Except this whole train of thought falls apart once you consider the difficulty of "hooking up 9 mothers to a single fetus". In the same way you down play the difficulty of coordinating multiple teams for a solution around breaking research. Show me a working solution of the former and I'll accept the corollary.


you're looking at the problem all wrong, maltalex. Just hire a developer who is already 3 months pregnant.


The Linux kernel developers came up with a decent solution, how can it be that they can do this and the Microsoft developers cannot?


Is Windows written the exact same way as Linux? Never underestimate the amount of technical debt that can be holding a team down.


Ding-ding-ding, this is the non-bs answer.


Is that an excuse though?


It appears not, if such a bad bug can get through all the way to release.


"Linux" had a bug in which you could log into a system by pressing backspace 28 times a few years ago. And by Linux, I meant GRUB[1], and in turn, (many) Linux systems.

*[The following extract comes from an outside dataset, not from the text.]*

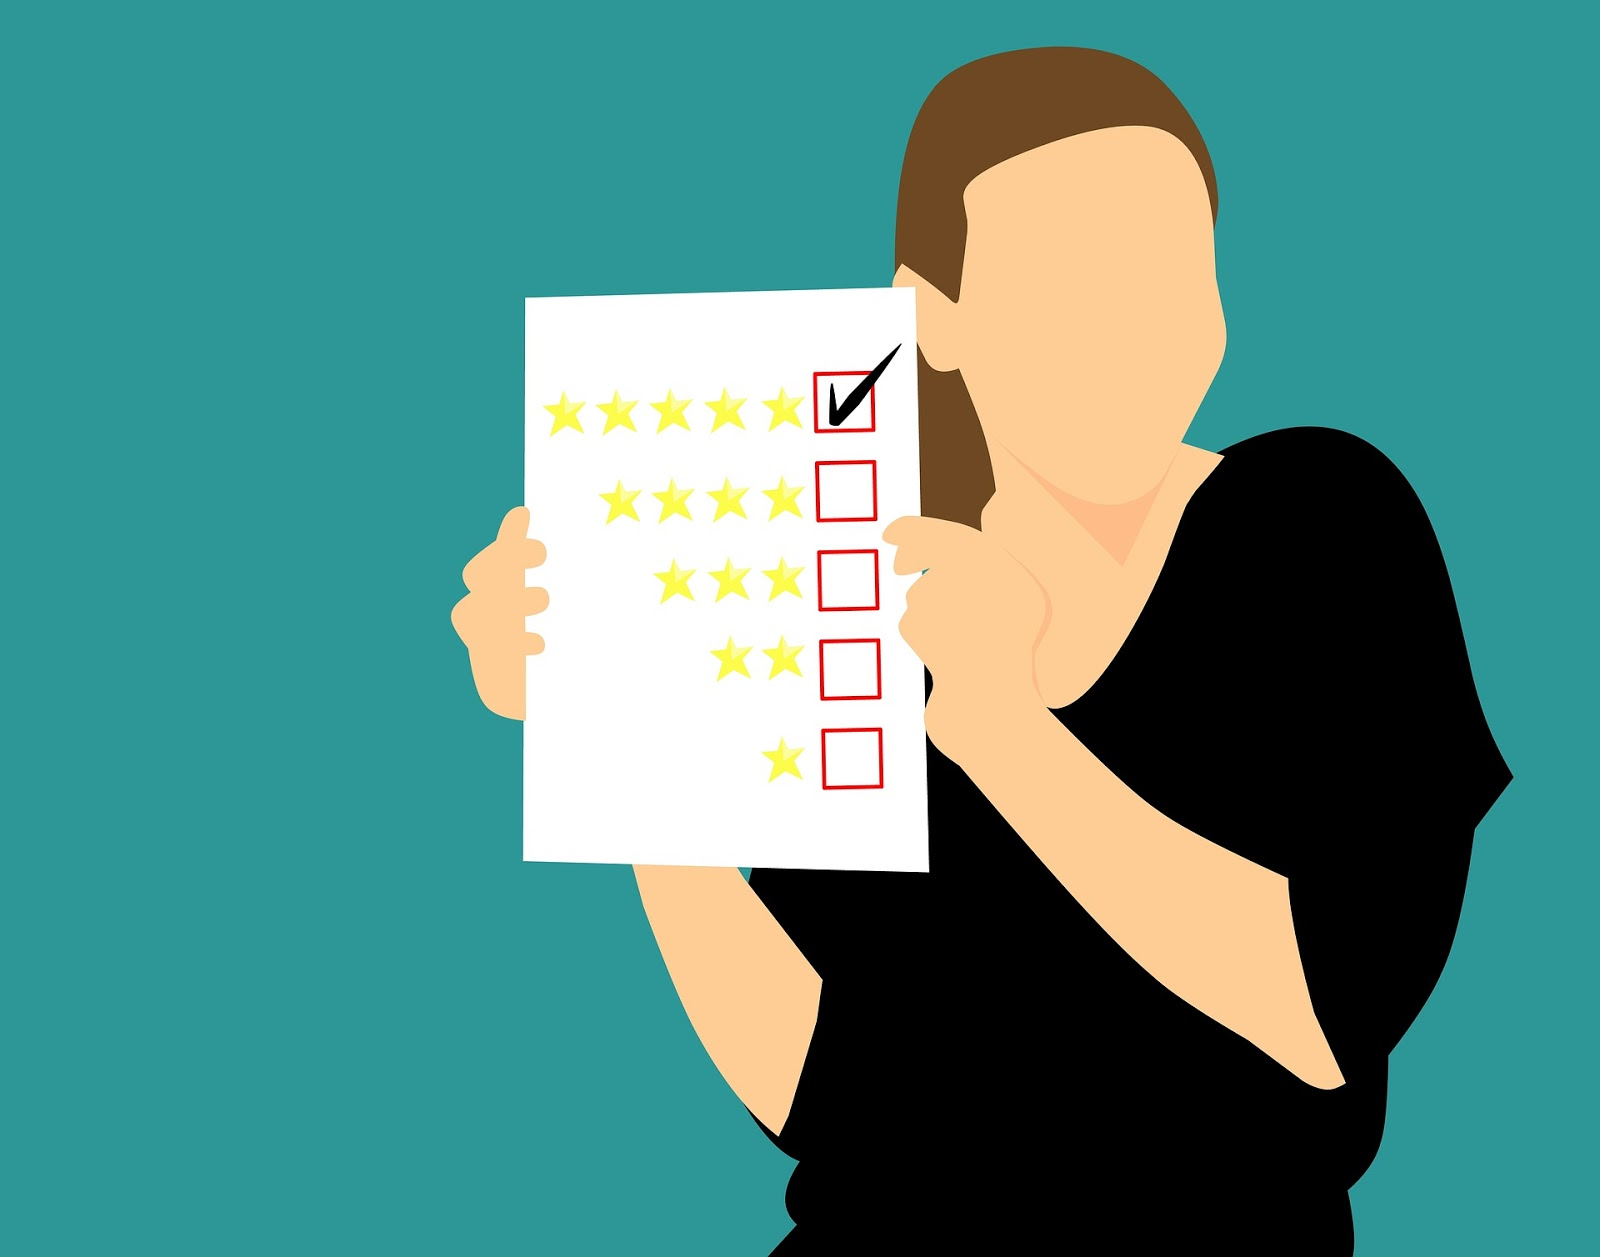 Five star customer feedback woman

We're comparing Linux and Windows, an operating system that contains 3.5 million files[2] (of course, not just the kernel in this case). That isn't really fair. Code is as perfect as humans can make it, and it certainly does not help that there's so much to take into account.

[1] http://hmarco.org/bugs/CVE-2015-8370-Grub2-authentication-by...

[2] https://arstechnica.com/gadgets/2018/03/building-windows-4-m...


This GRUB bug you are talking about, is not a kernel problem though; on a side note, I'm going to read on the links you provided as I want to see if encrypted root partitions could also be compromised, I suspect no.


That's not quite on par with this Windows bug, but I take your point.


The Linux kernel developers hate their solution, and they only used it because they can't think of a better one. It causes enormous increases in complexity and kills performance in many cases.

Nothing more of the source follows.